--- RECORDS PROVIDED Enclosed Below ---
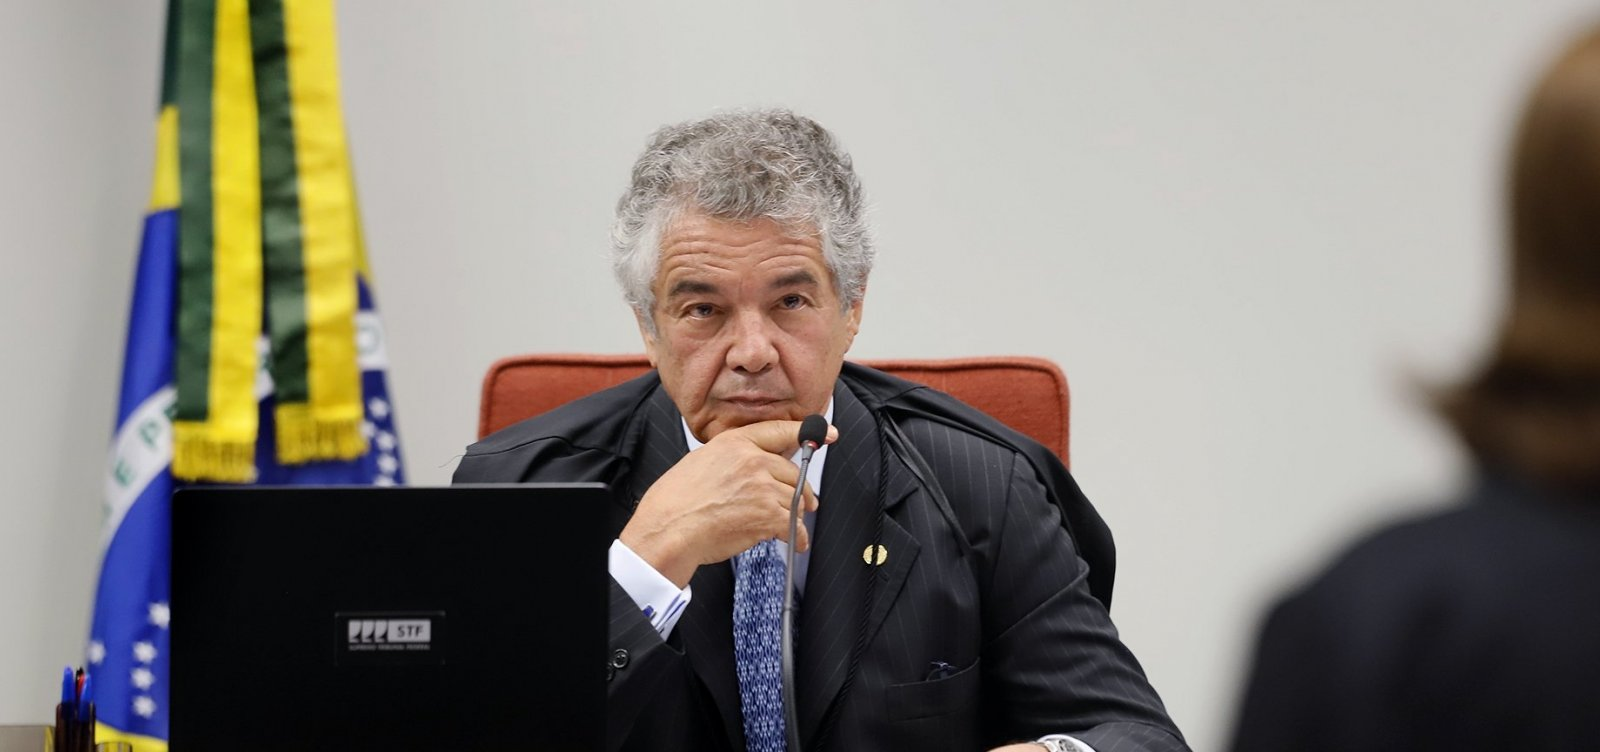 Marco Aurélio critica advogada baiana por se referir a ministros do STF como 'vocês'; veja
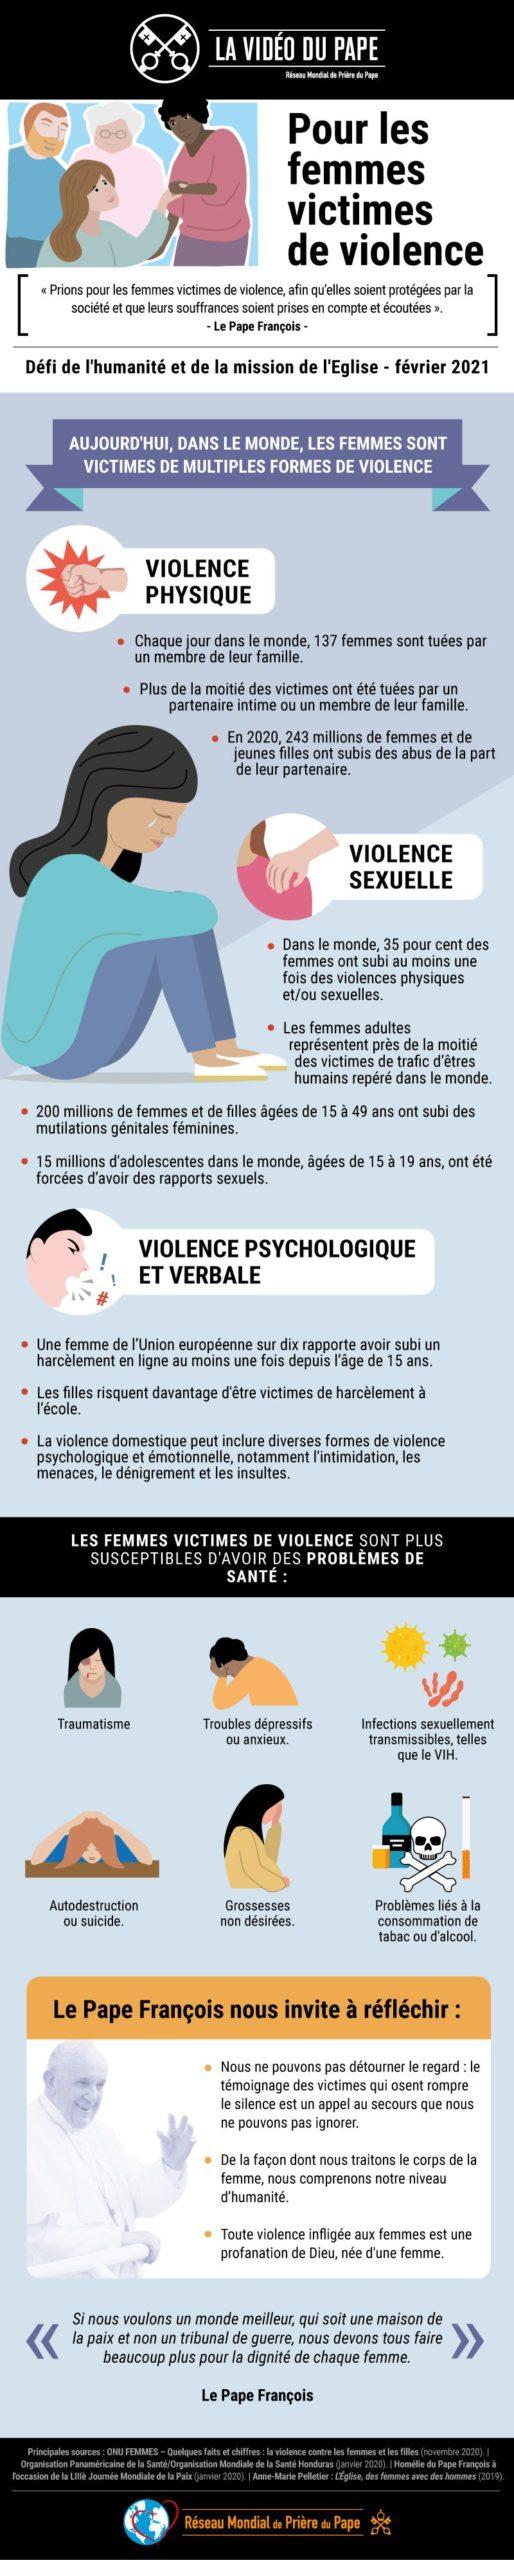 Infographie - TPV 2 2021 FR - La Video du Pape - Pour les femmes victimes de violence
--- End of Enclosed RECORDS PROVIDED ---
--- RECORDS PROVIDED Enclosed Below ---
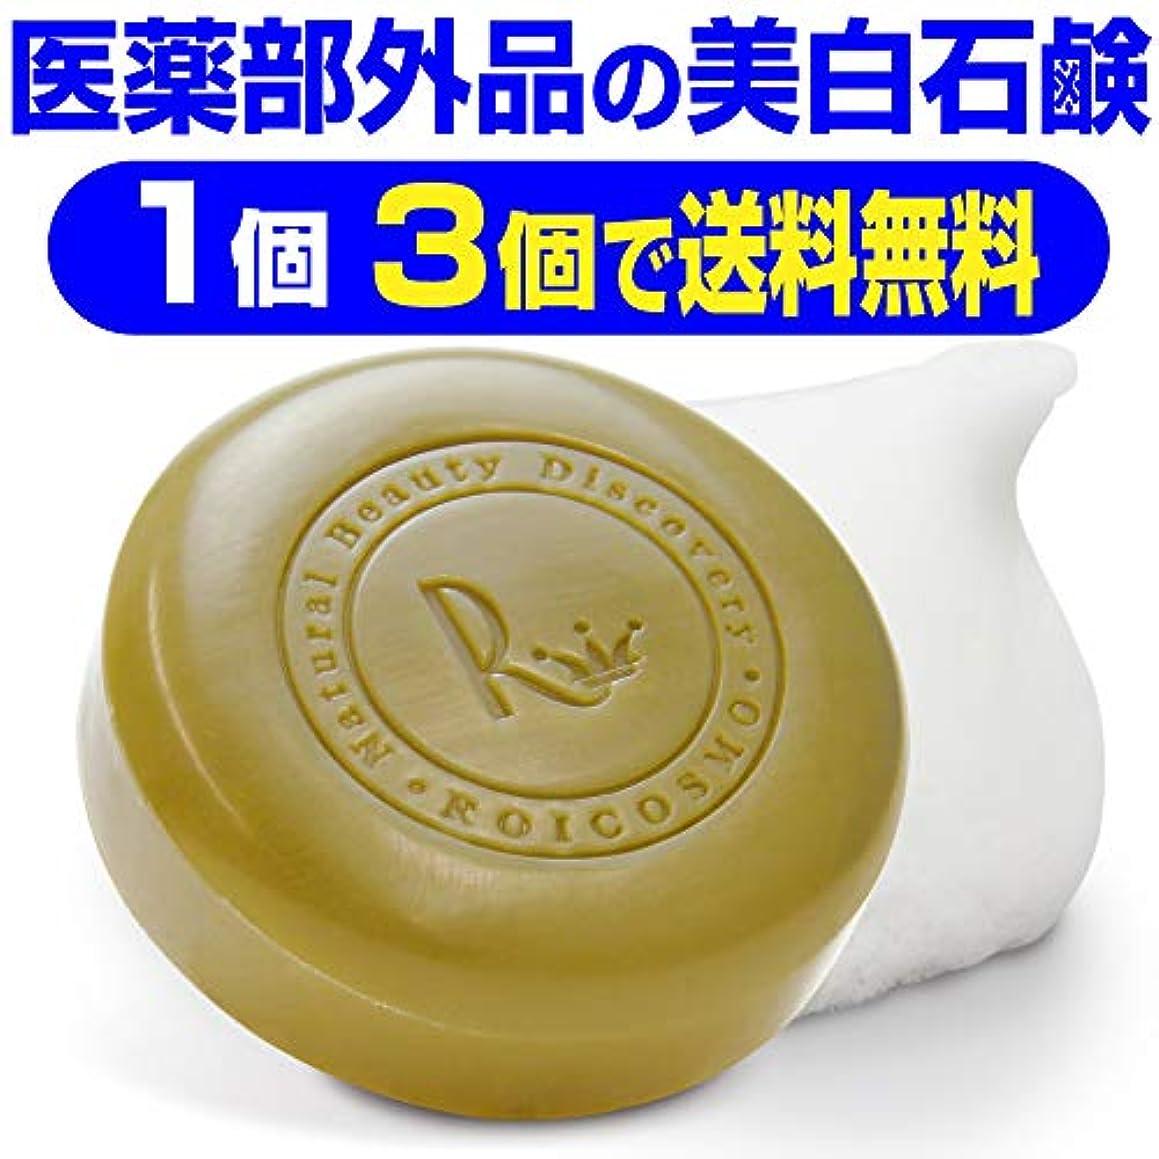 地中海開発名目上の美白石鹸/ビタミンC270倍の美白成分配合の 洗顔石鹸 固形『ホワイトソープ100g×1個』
--- End of Enclosed RECORDS PROVIDED ---
TRY IT: Your answer should be the exact lines above from the one containing "Marco Aurélio critica" through the one containing "Infographie - TPV", with both end lines kept and the pictures removed, please.

EXERCISE ANSWER:
 Marco Aurélio critica advogada baiana por se referir a ministros do STF como 'vocês'; veja
 Infographie - TPV 2 2021 FR - La Video du Pape - Pour les femmes victimes de violence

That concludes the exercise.